Exercise data —
┄┄┄┄┄┄┄┄┄┄┄┄┄┄┄┄┄┄┄┄

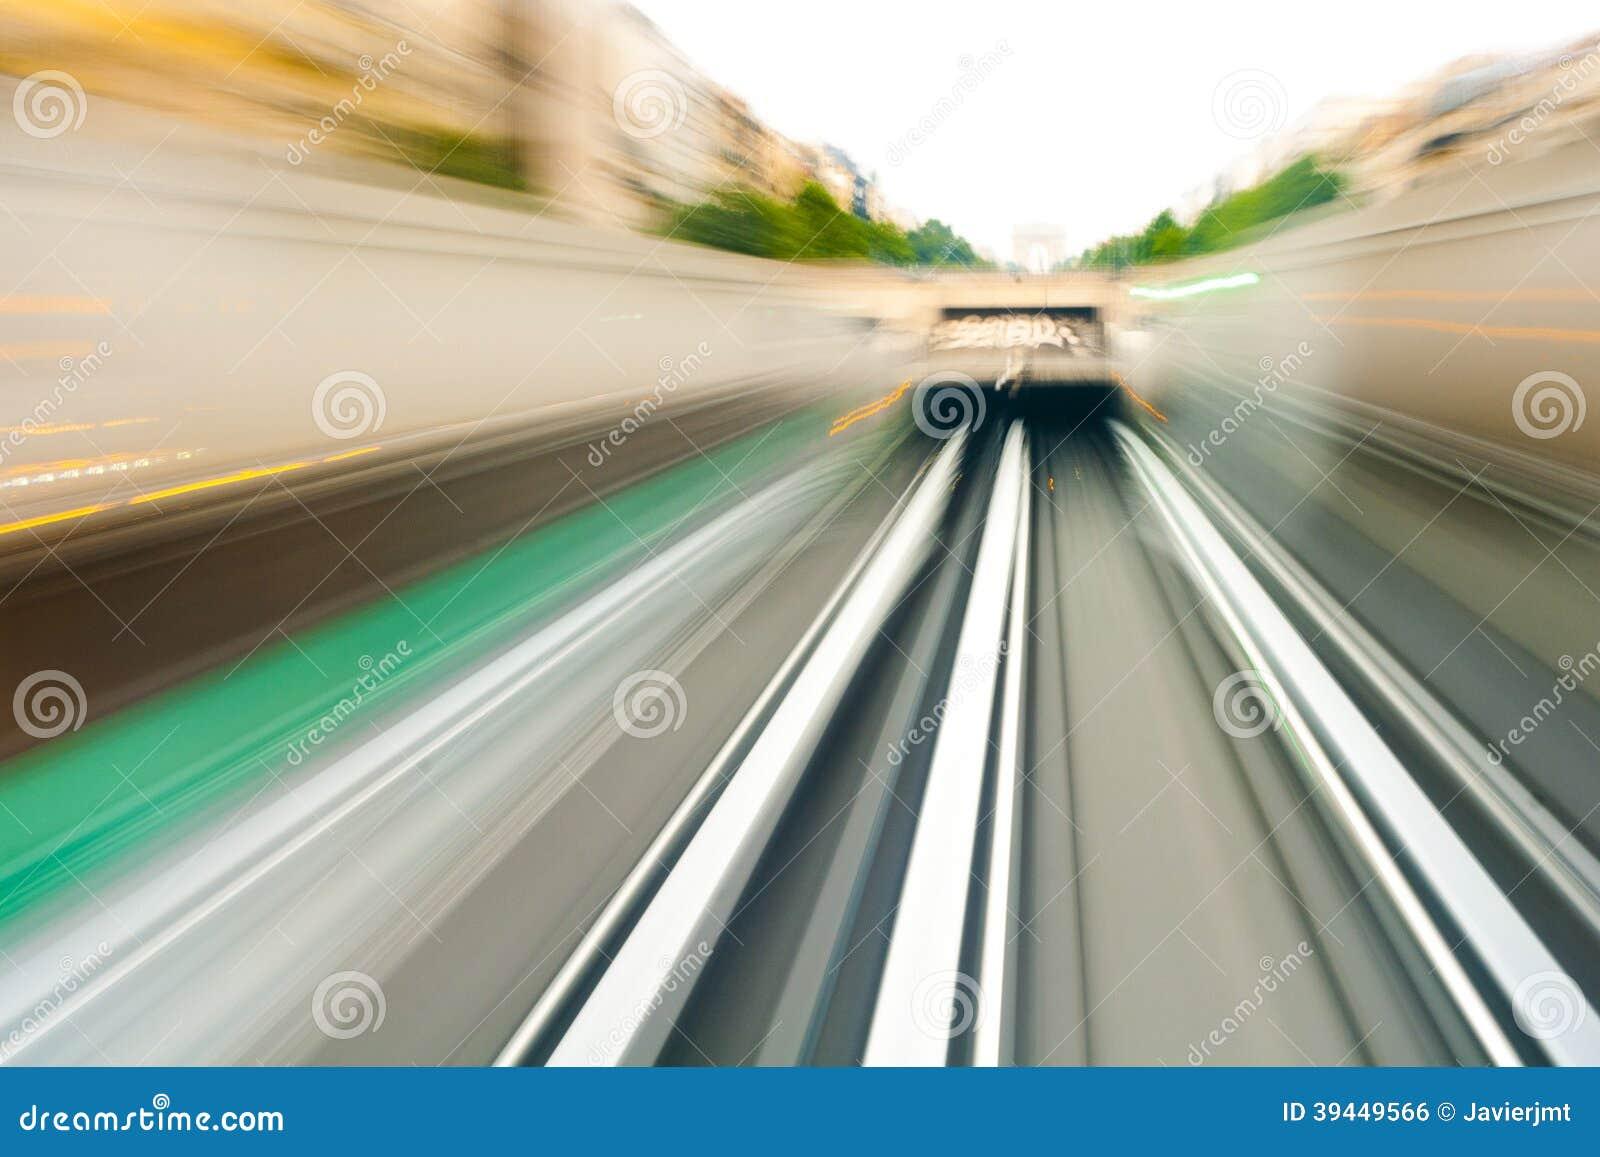 Tunnelbana som skriver in tunnelerna
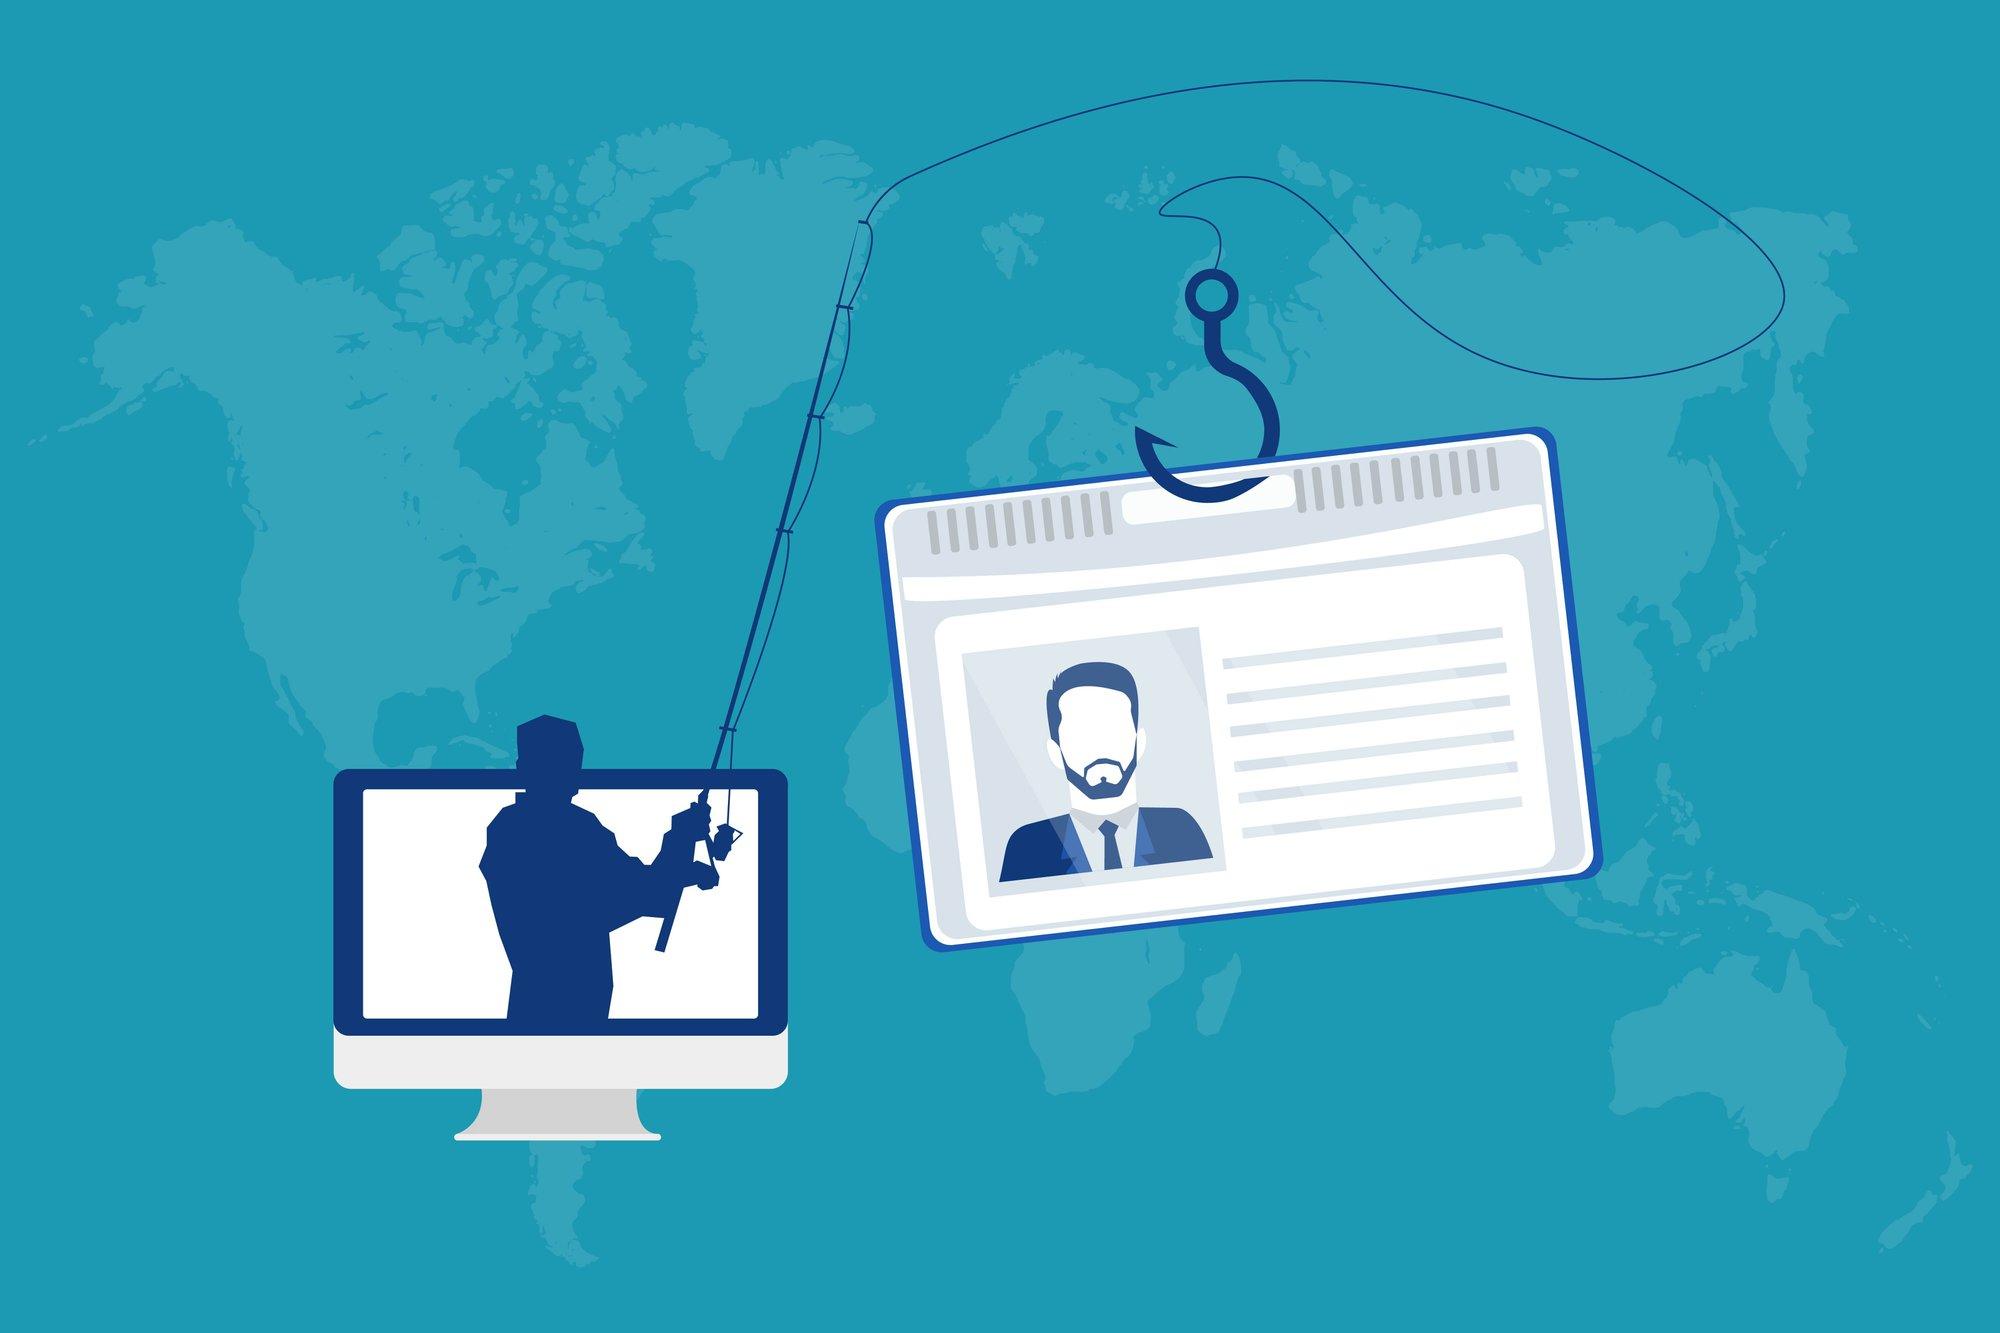 Identiteitsfraude herkennen, aanpakken en voorkomen
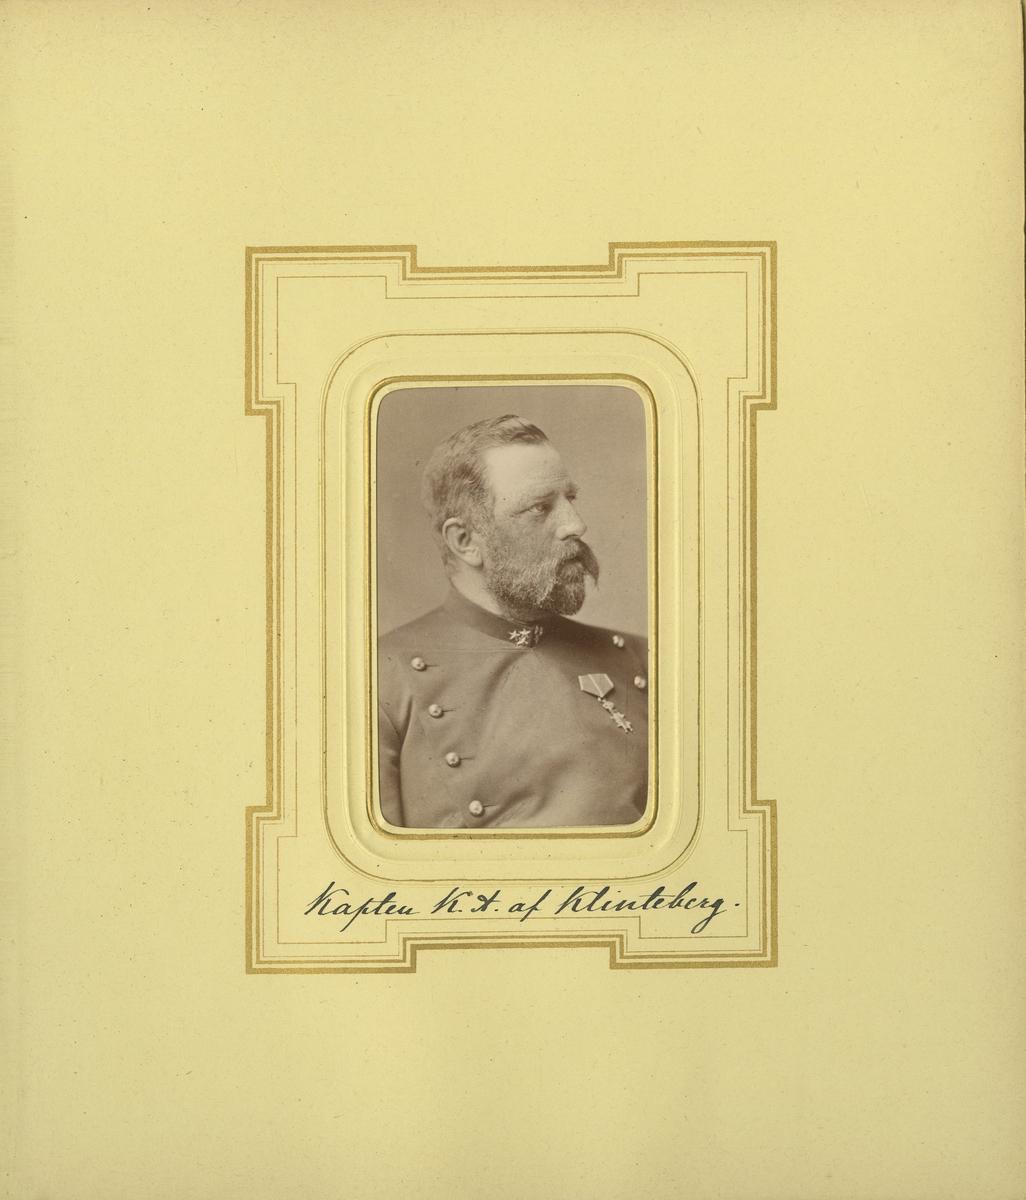 Porträtt av Knut Alfred af Klinteberg, kapten vid Smålands grenadjärbataljon.  Se även bild AMA.0006207, AMA.0009367 och AMA.0021798.

┄┄┄┄┄┄┄┄┄┄┄┄┄┄┄┄┄┄┄┄

Task item —
No pictures should appear in the copy. Reproduce exactly the lines from the line containing "Identiteitsfraude herkennen, aanpakken" through the last line of the data, inclusive.

Final answer —
 Identiteitsfraude herkennen, aanpakken en voorkomen
 Porträtt av Knut Alfred af Klinteberg, kapten vid Smålands grenadjärbataljon.  Se även bild AMA.0006207, AMA.0009367 och AMA.0021798.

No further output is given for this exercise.